DATA SECTION –

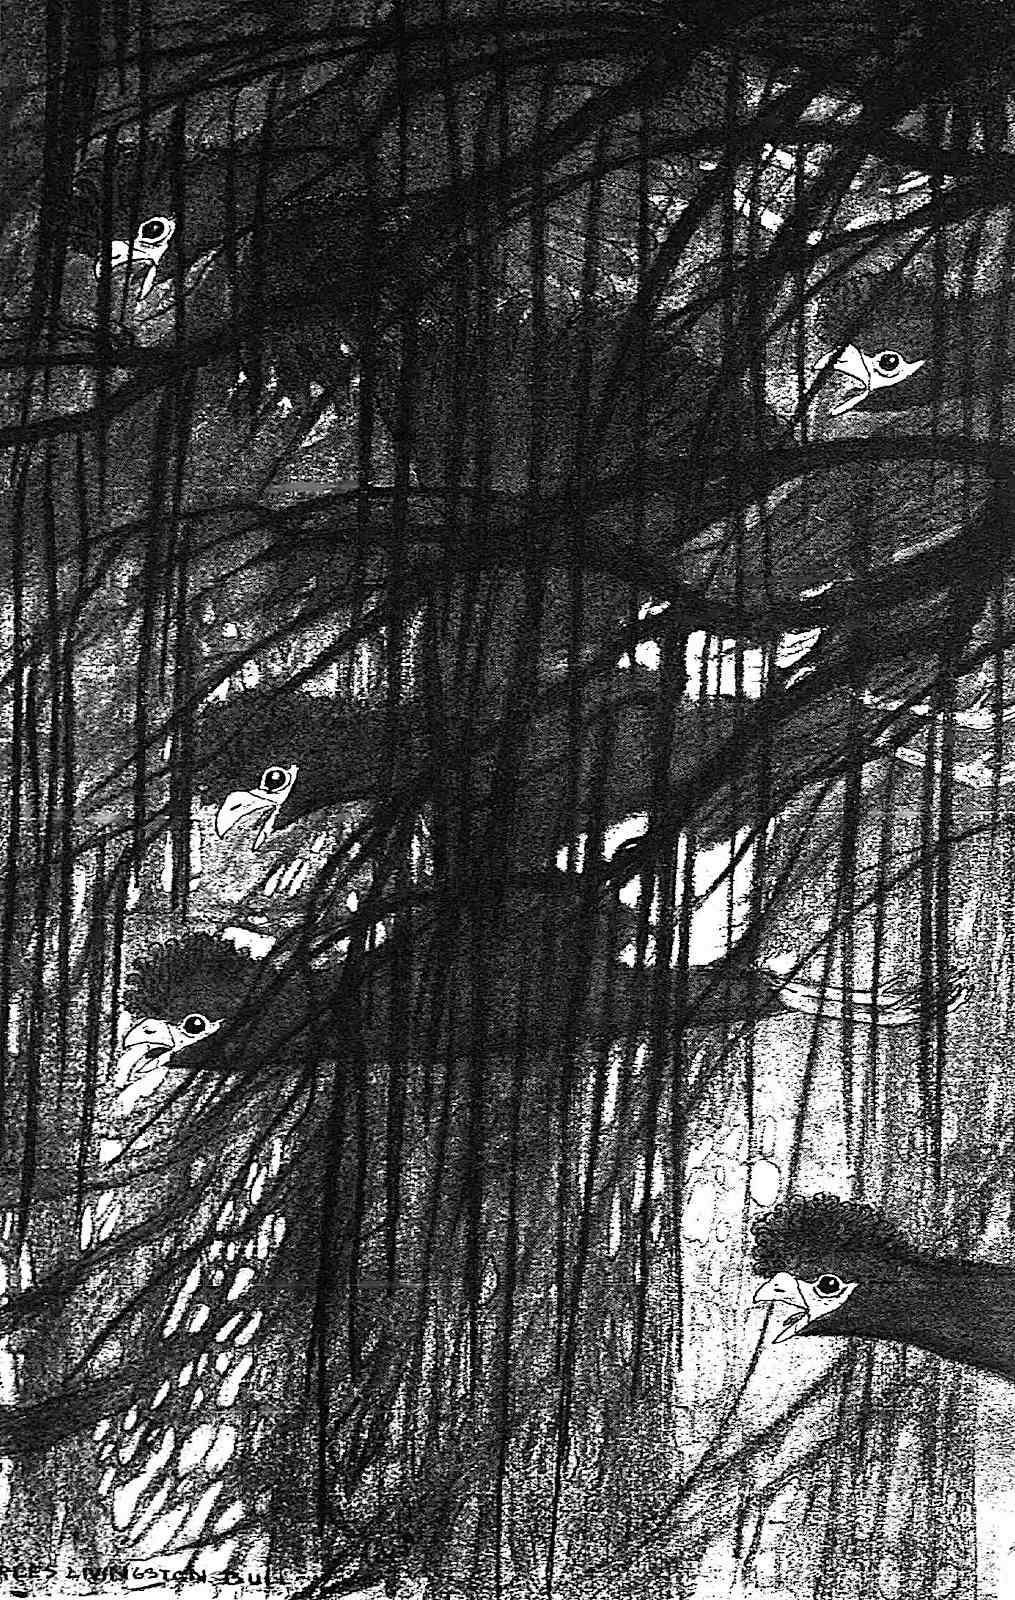 a Charles Livingston Bull illustration of flying jungle birds
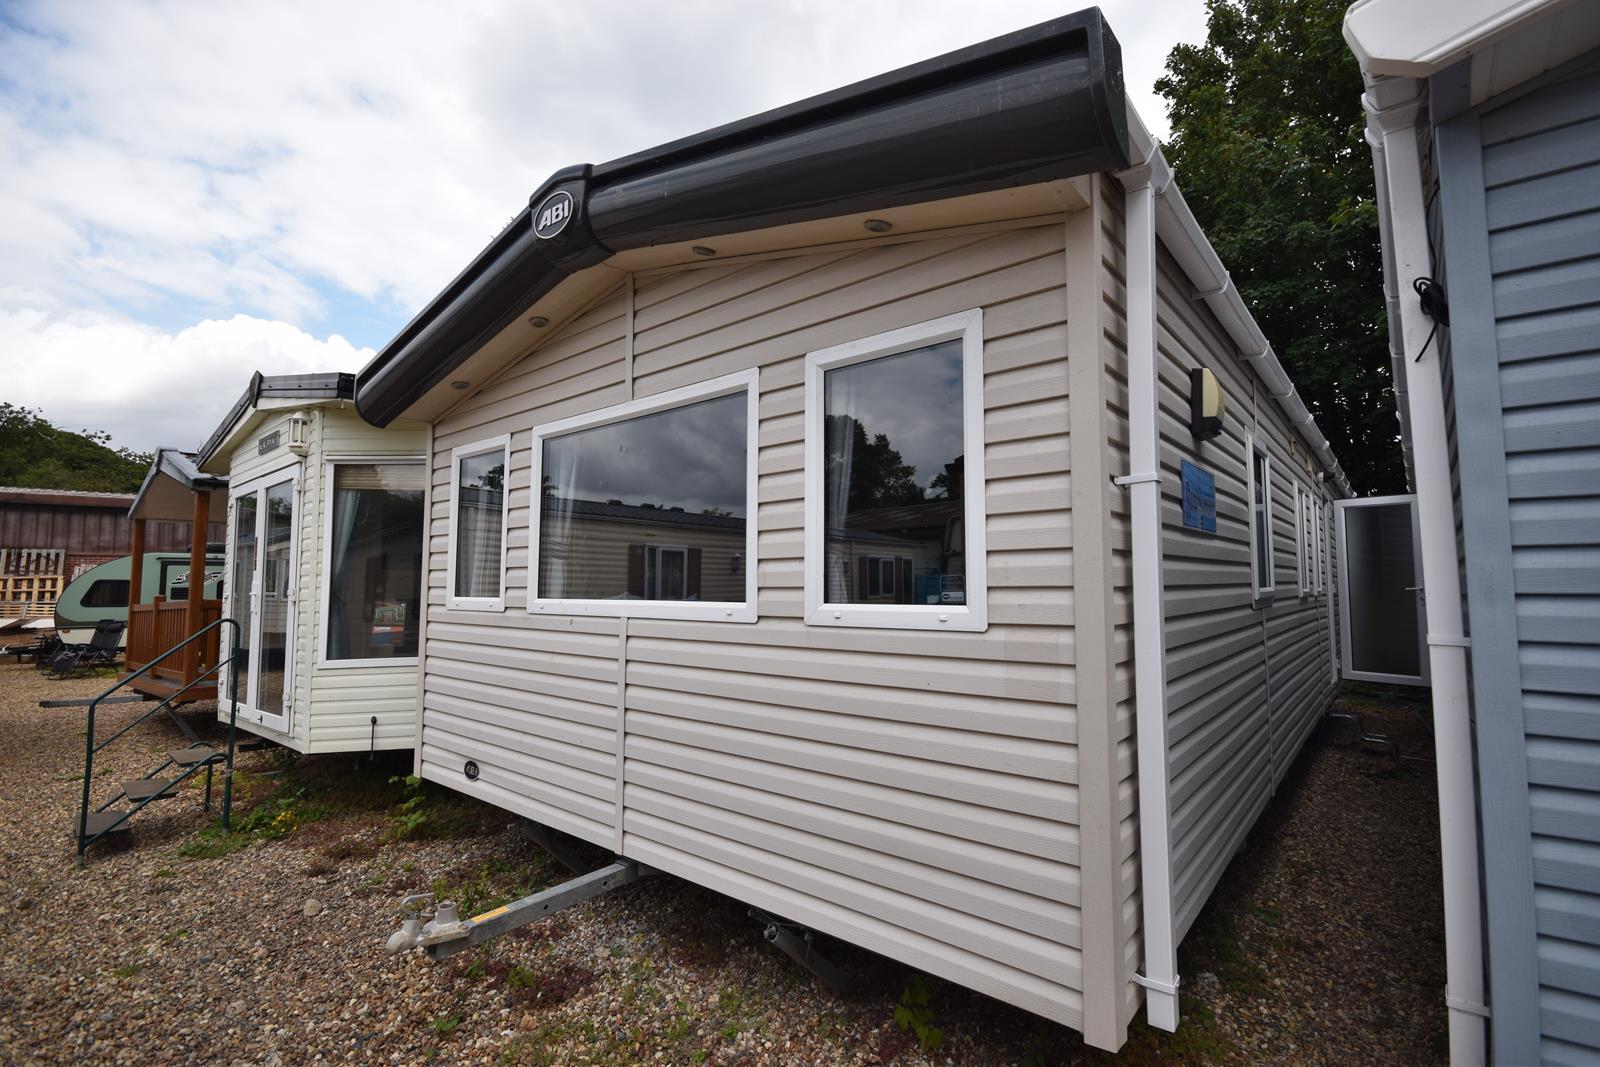 ABI Beachcomber Special Mobile Home Exterior
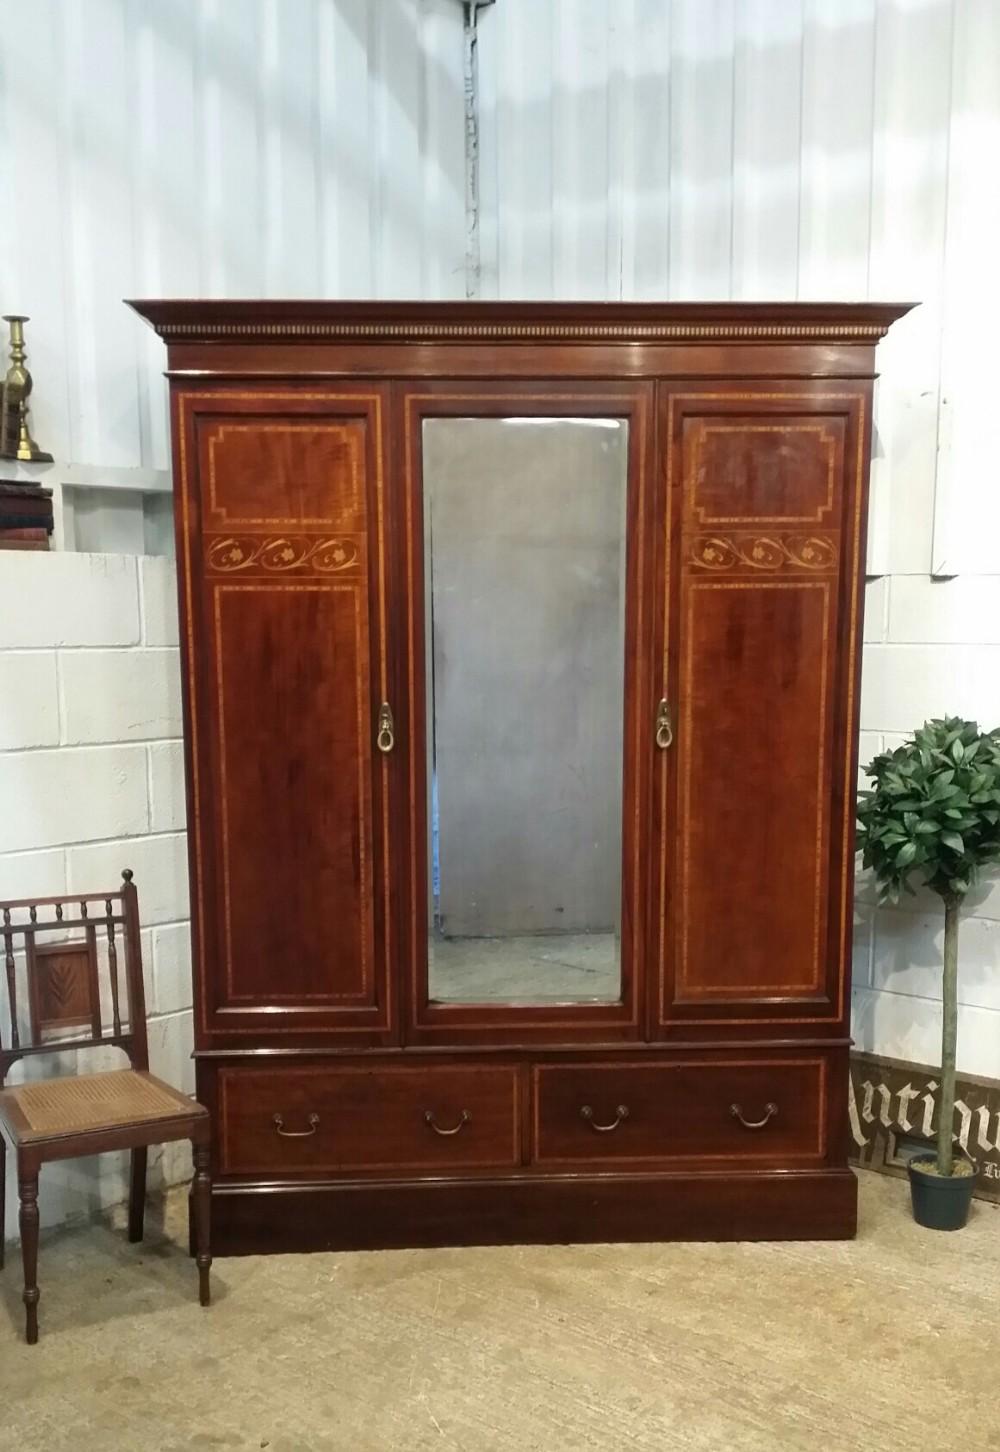 antique edwardian inlaid mahogany double wardobe c1900
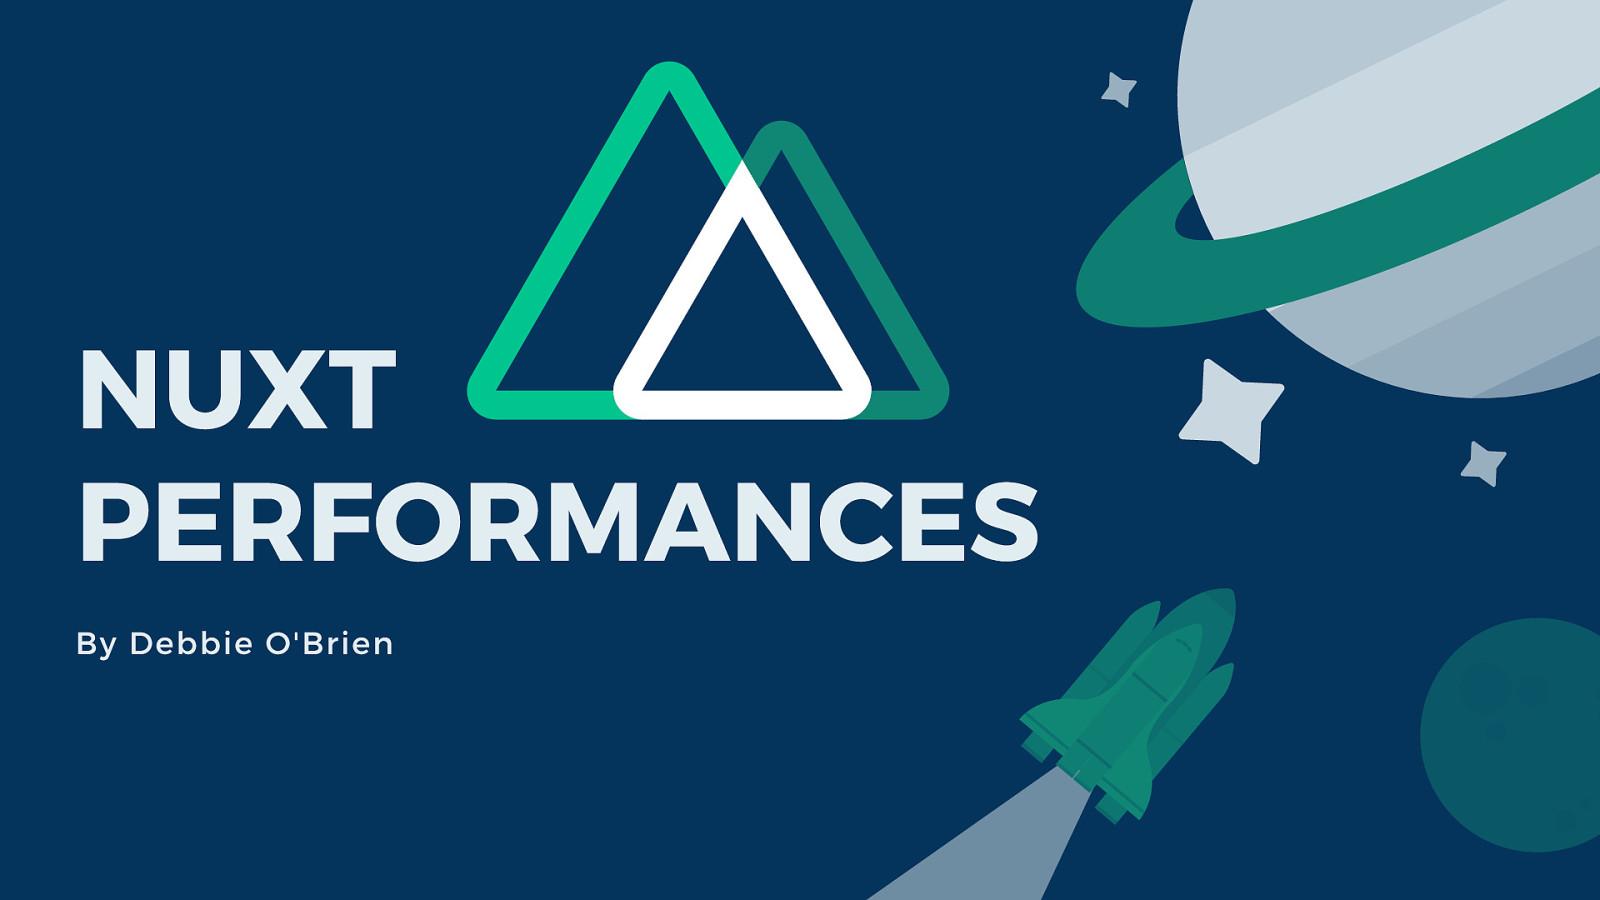 Nuxt Performances

DIRECTIONS FOR THIS TASK – Each line from the one that contains "antique edwardian inlaid" to the end of the listing must be quoted exactly; no other line and no picture belongs in the copy.

OUTPUT –
 antique edwardian inlaid mahogany double wardobe c1900
 Nuxt Performances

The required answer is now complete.